The drug is already approved for 10 indications in China, and was licensed in 2021 by Novartis for the U.S., Japan, and some European markets. However, approval has been elusive: Last year, a BLA for tislelizumab as a first-line treatment with chemo for patients with some esophageal cancers was indefinitely delayed by the FDA. But U.S. regulators plan to soon inspect BeiGene's China-based manufacturing plant, Biospace writes, which perhaps will move the approval process along more quickly. That said, it faces tight competition from antibody drugs like Keytruda and Opdivo.



european pharma

Activist investor has big ideas for Bayer

A small activist investor group is pushing to split Bayer into its crop science and pharmaceutical divisions, the Financial Times writes. Bluebell Capital Partners owns an undisclosed stake in Bayer, and is pressuring the struggling company to reconfigure its supervisory board. This comes as Bayer CEO Werner Naumann transitions out of the company, and Bill Anderson, formerly of Roche, takes the helm in June.

Bluebell argues that there are "no synergies" between the company's two divisions, and that separating them could generate up to €30 billion. This could help Bayer pay off debt and reinvest in pharmaceuticals.

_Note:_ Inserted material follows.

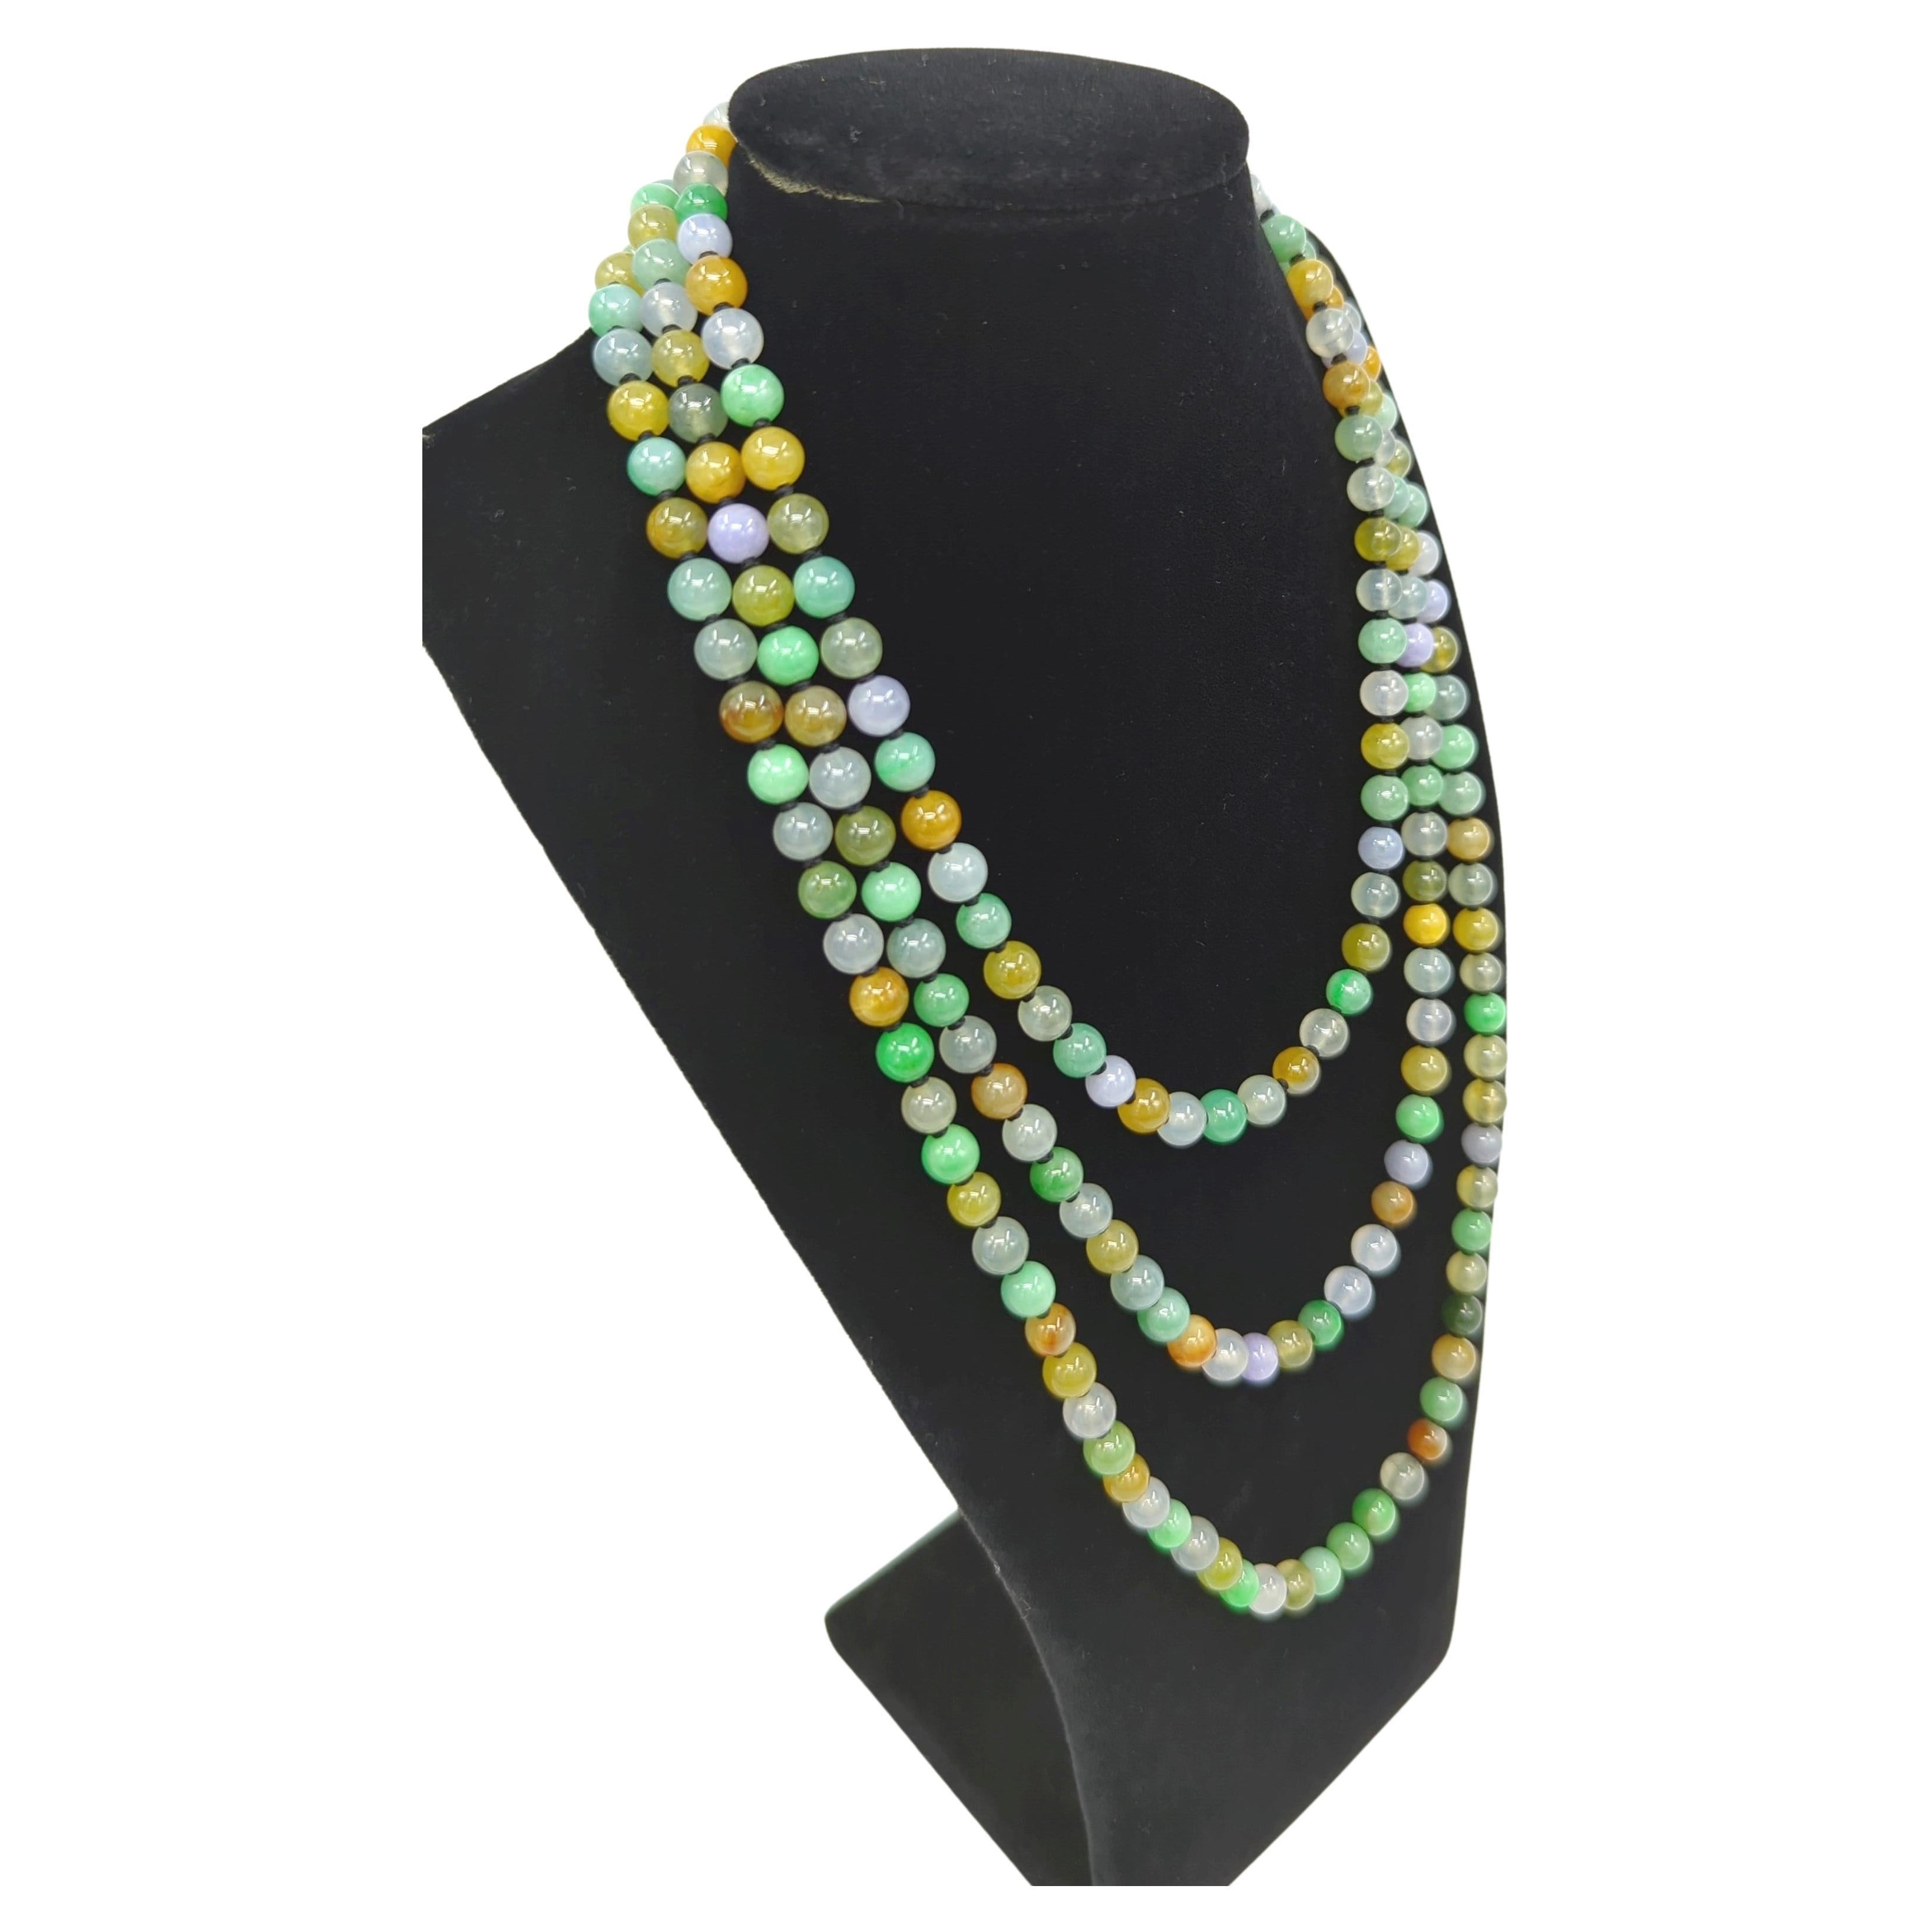 Artisan Exquisite Multicolor Icy Jadeite A-Grade 200 Beads Necklace Very Long Strand 52

"If you appoint a new chief executive when the supervisory board is the same monolith, they don't want to do anything, then the CEO is not going to have an easy job," Bluebell founding partner Marco Taricco told the FT.


middlemen

Senators further target the PBM 

A fresh congressional effort to reform the ever-elusive pharmaceutical benefit manager: Two senators have unveiled a bipartisan list of policies meant to tamp down on these drug middlemen. Finance Chair Ron Widen (D-Ore.) and Sen. Mike Crapo (R.-Idaho) want to separate PBM revenue from drug prices. They also want Medicare beneficiaries to benefit from the rebates and discounts that PBMs negotiate.

The measures would also increase PBM accountability and transparency to health plan clients, since it's not always clear how much money they're taking from the middle of the supply chain. Earlier this year, Congress passed a bipartisan bill to give the FTC more power to oversee PBMs.

"If you're really going to modernize PBMs, and that is what we really feel strongly about, you can't do it without looking at those particular agencies," Wyden told STAT.